Since we need only determine which face operators have experienced measurement errors, and we do not need to actively correct the random gauge, gauge prefixing is accomplished globally using a renormalization group decoder on the three-dimensional syndrome data of the spacetime before the controlled-controlled-phase gate is performed. A threshold can be proved by adapting the threshold theorem for topological codes given in (*32*). Measurement errors close to the initial face before the controlled-controlled-phase gate takes place can then be identified easily by the decoder. We determine which plaquettes of the initial face have experienced errors by finding defects that should be paired to the initial face in the gauge-prefixing operation. Small errors in the global gauge-prefixing procedure can be contained within the boxes that contain the error syndrome. Hence, the errors that remain after the gauge-prefixing procedure are confined within small boxes, which respect the distribution we used to prove the threshold using the just-in-time decoder. Hence, we justify our error model used to bound the spread factor using just-in-time gauge fixing, even in the presence of initialization errors caused by gauge prefixing. We show an error together with its syndrome in Fig. 8C. The goal is only to estimate the plaquettes that have experienced measurement errors on the gray face at the top of the figure. This fixes the plaquettes of the initial face as we have assumed throughout our analysis.

We remark that the proposal given in (*16*) avoids the use of gauge prefixing by orienting boundaries such that the boundary that is analogous to the initial face of the color code is created over a long time. This orientation allows for single defects created at the initial face to be corrected by moving them back to the initial face at a later time, or onto some other suitable boundary. In contrast, here, we have imagined that an initial face is produced at a single instant of time. Further work may show that we can apply the idea of Bombín to the surface code implementation of a controlled-controlled-phase gate presented here by reorienting the gate in spacetime. Such an adaptation will also require a modification of the just-in-time decoder to ensure that defects created at the initial face are paired to an appropriate boundary in a timely manner.
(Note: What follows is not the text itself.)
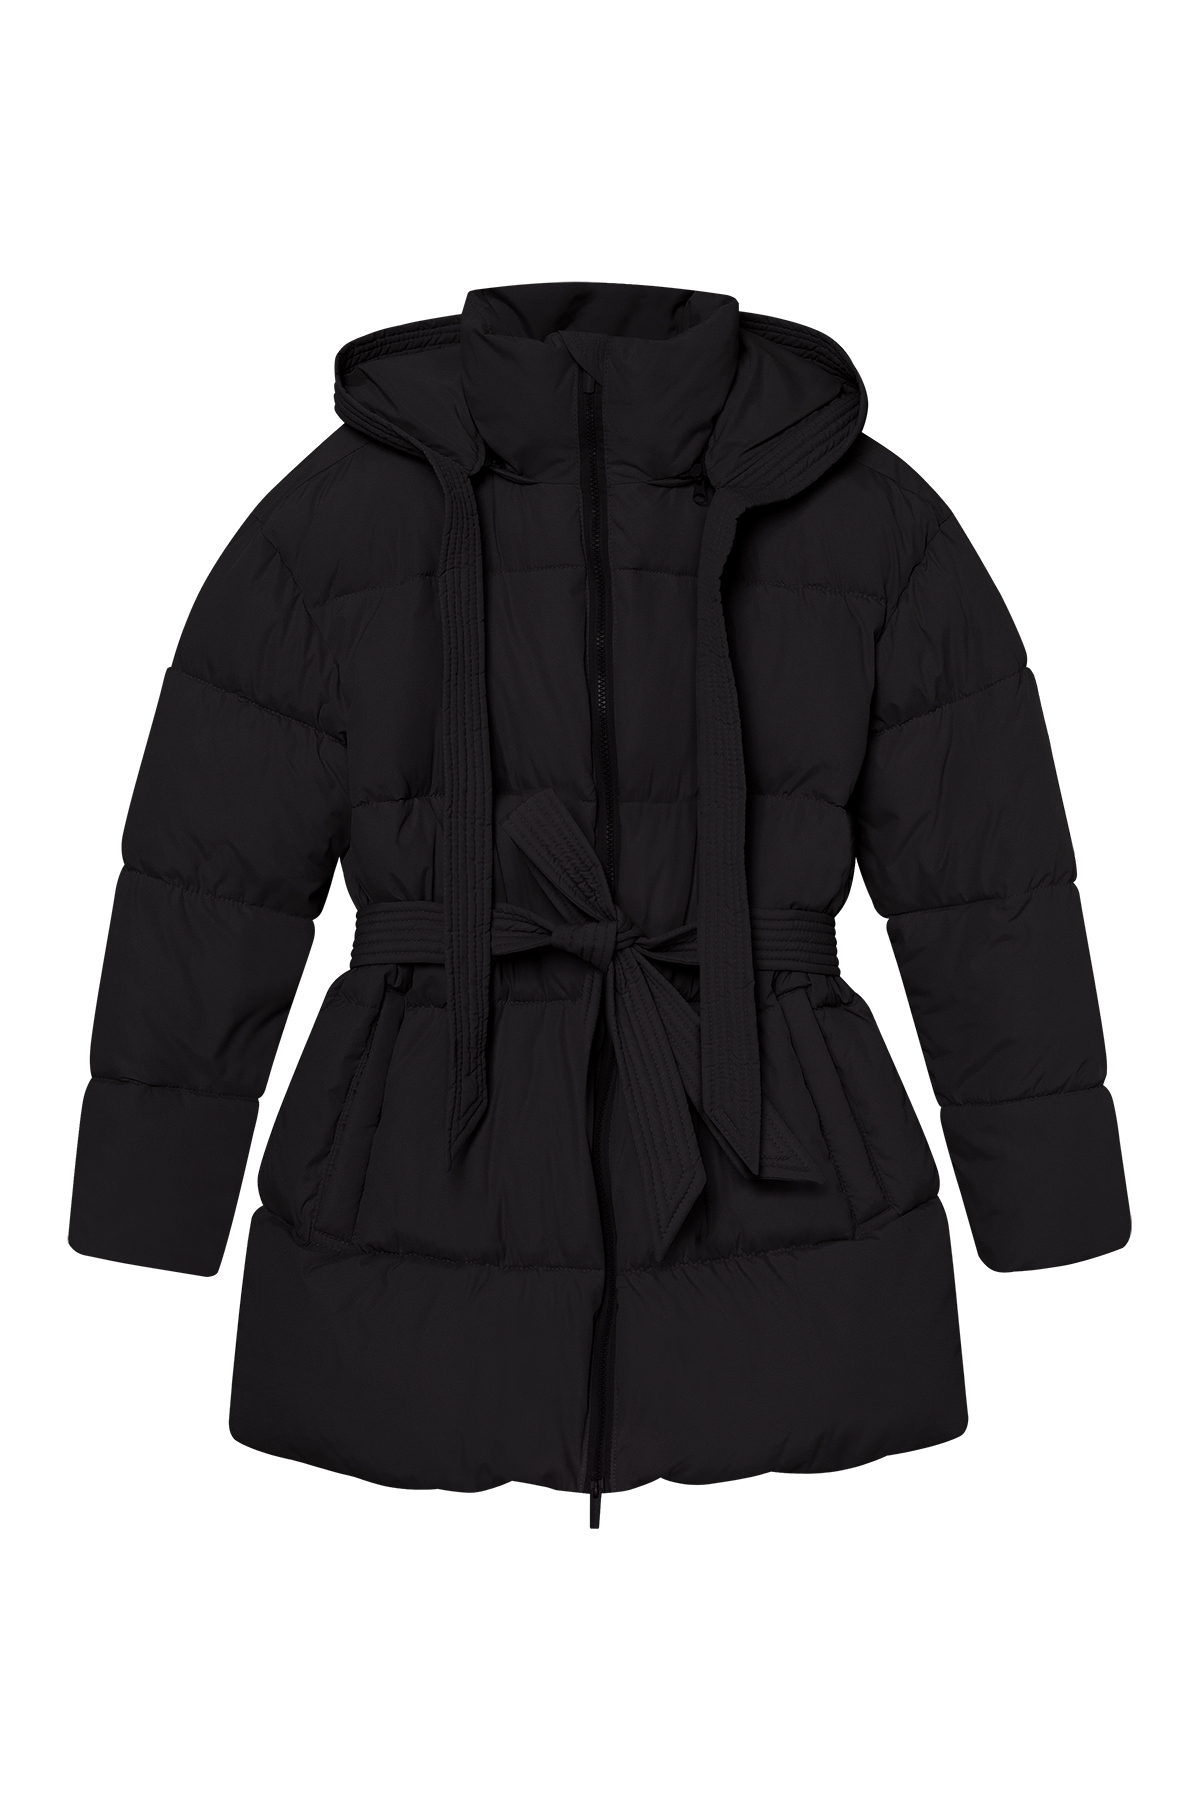 Black quilted jacket with a detachable hood, photo 7

Conversely, gauge prefixing can be adapted for the proposal in (*16*). In this work, color codes are entangled with a transversal controlled-phase gate. The transversal gate is applied to a two-dimensional support on boundaries of the two color codes undergoing this operation. Let us call this boundary the entangling boundary, where the initial face of the second code lies on the entangling boundary. Let us briefly summarize how we can prefix the gauge of the initial face of the second of the two color codes by error-correcting the first.

We note that the entangling operation allows us to use the eigenvalues of the error detection measurements at the boundary of the first code to infer the values of the face operators at the initial face of the second code. Small errors may cause us to incorrectly read the eigenvalues of the cells of the first code. This will lead us to infer the wrong eigenvalues of the face operators of the initial face of the second code. However, error correction on the first code ensures that its entangling boundary is charge neutral, i.e., it has an even parity of string-like errors terminate at this boundary. If the first code is charge neutral at its entangling boundary, then errors in the eigenvalues of the face operators of the initial face of the second color code are necessarily created in locally correctable configurations. This means that they can be corrected without pairing any defects onto the initial face. This observation circumvents the need to orient the color code in a special configuration in spacetime. Relaxing this constraint may be of practical benefit. Moreover, the observation may allow us to remove certain rules that the decoder must otherwise respect to ensure defects are paired to the initial face as required. This may lead to improvements in the performance of the decoder.